Please produce a character-exact copy of the listing that follows, omitting all images.

> Supplied material:
-- Opening Marker --

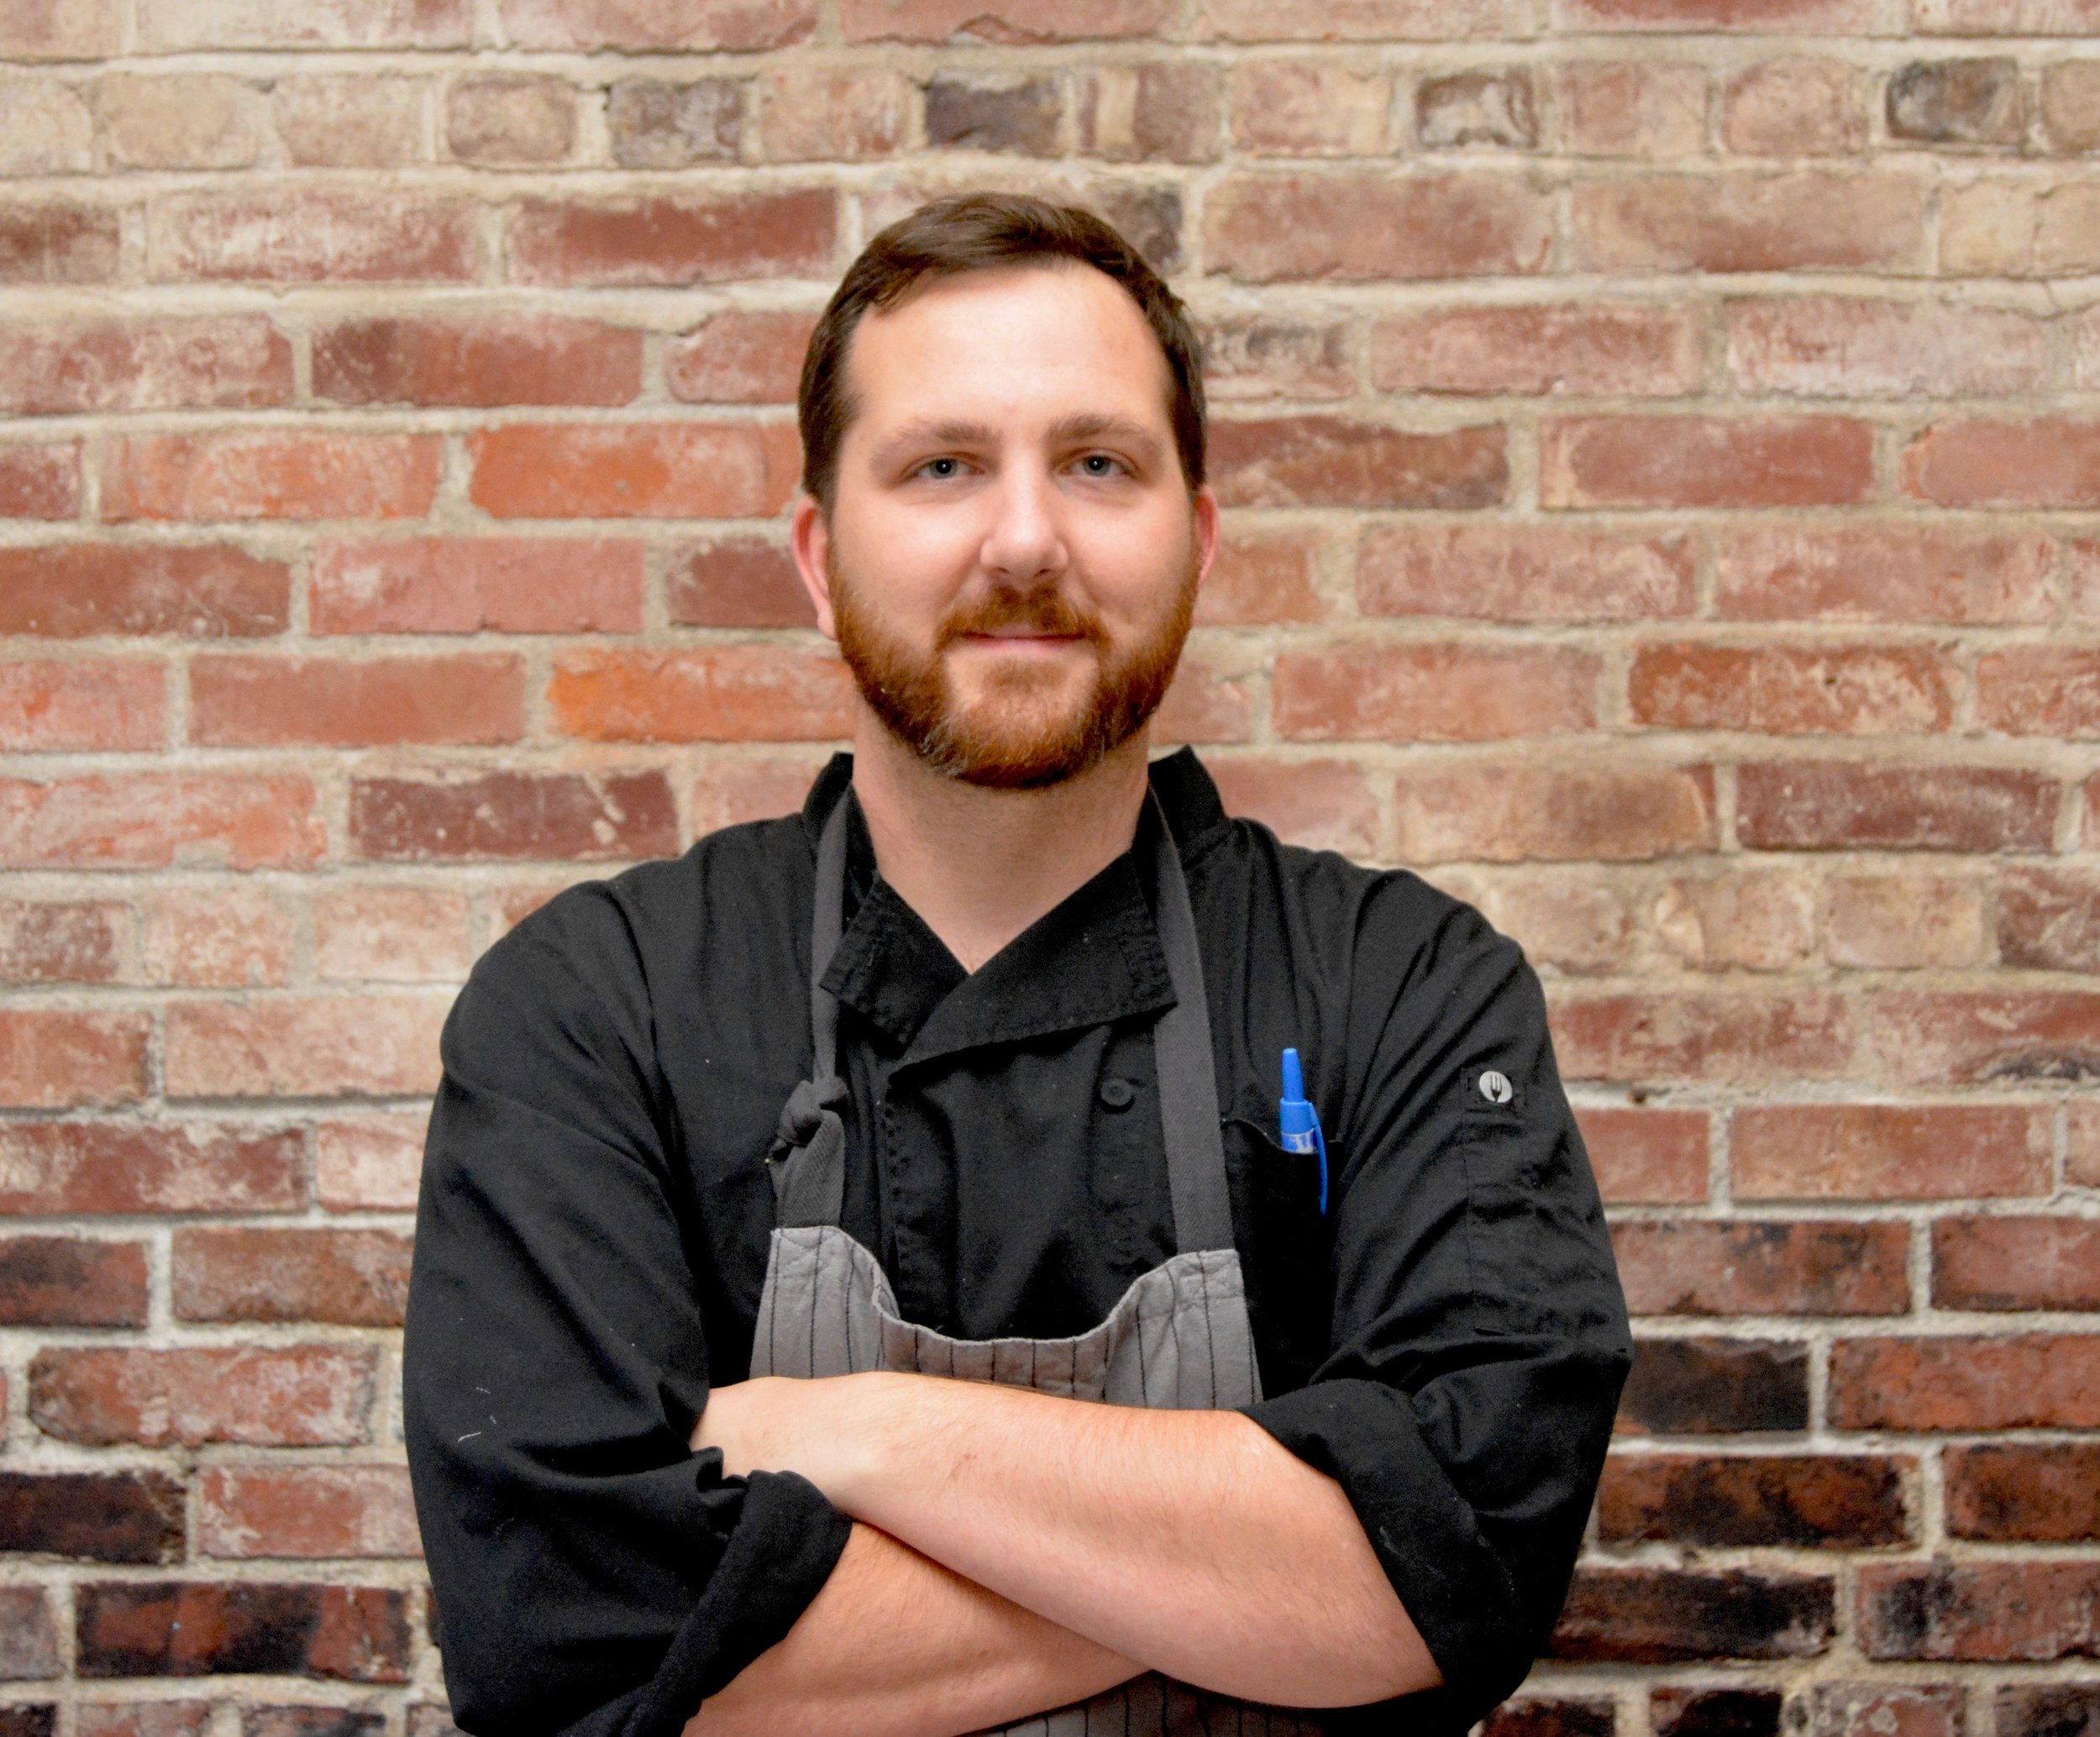 Chef Chad Bergman
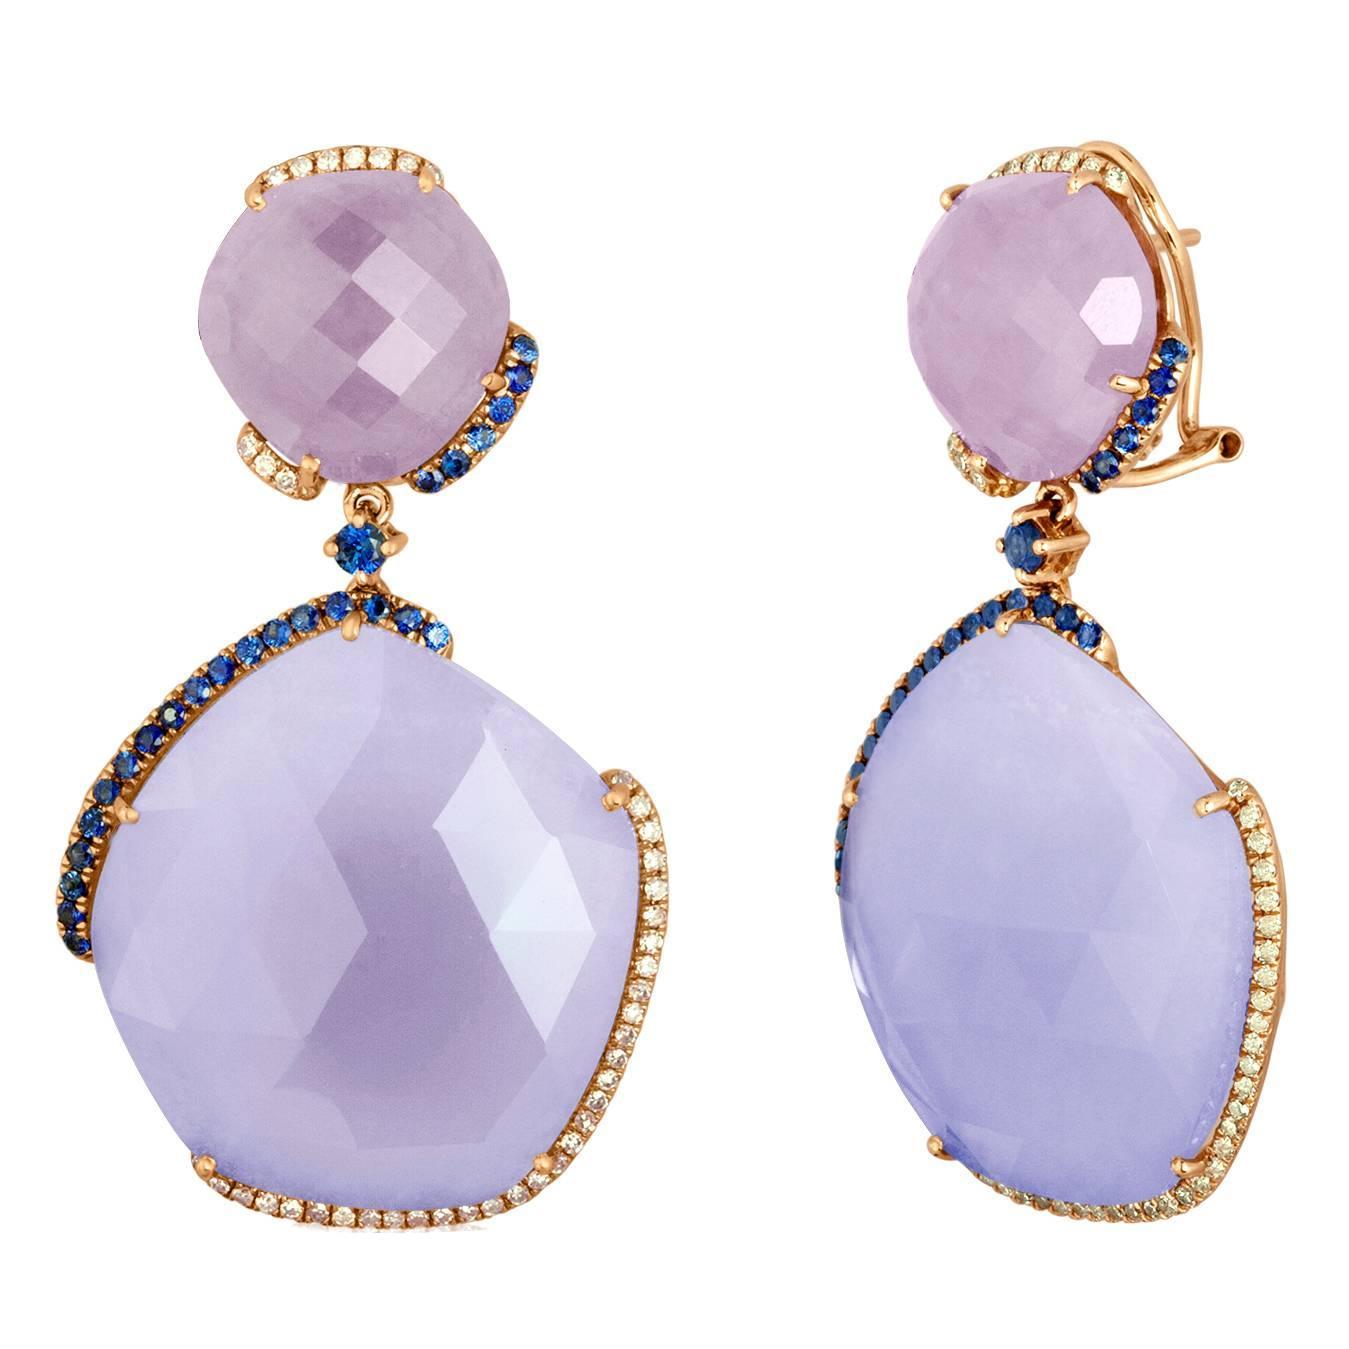 61.22 Carats Chalcedony Purple Jade Sapphire Gold Drop Earrings
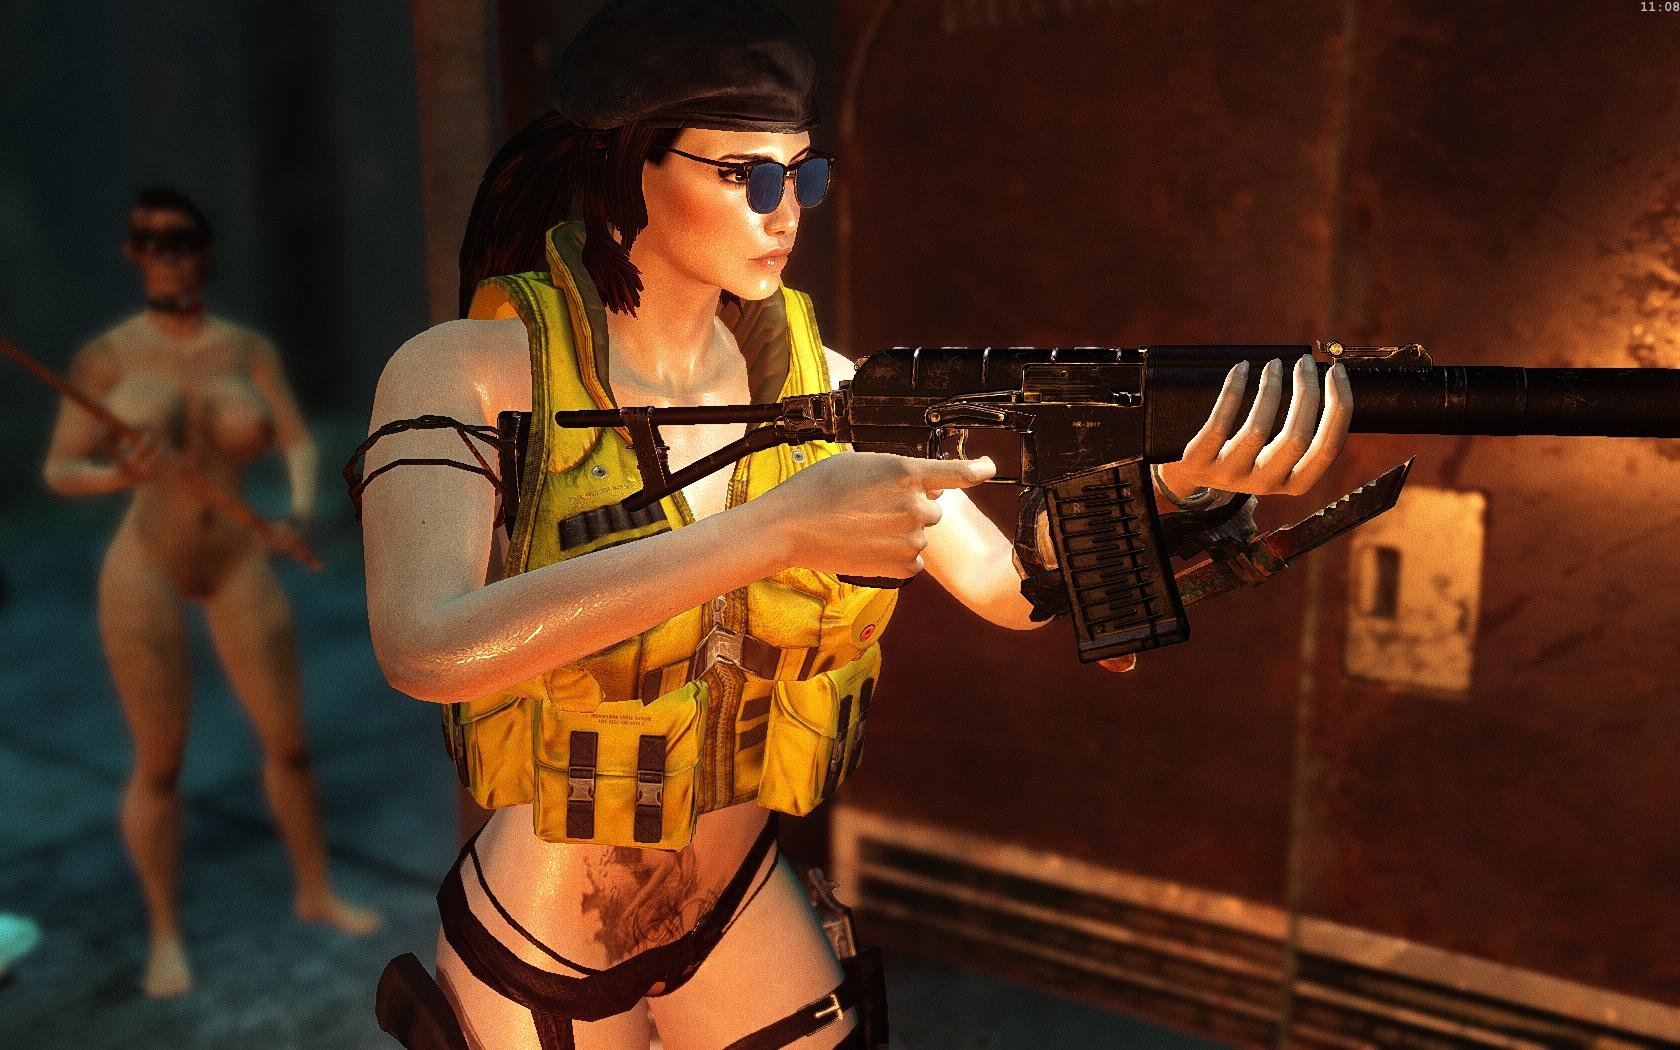 Fallout4 2019-03-25 11-08-21-85

-- Closing Marker --

> Answer for the task:
 Chef Chad Bergman
 61.22 Carats Chalcedony Purple Jade Sapphire Gold Drop Earrings
 Fallout4 2019-03-25 11-08-21-85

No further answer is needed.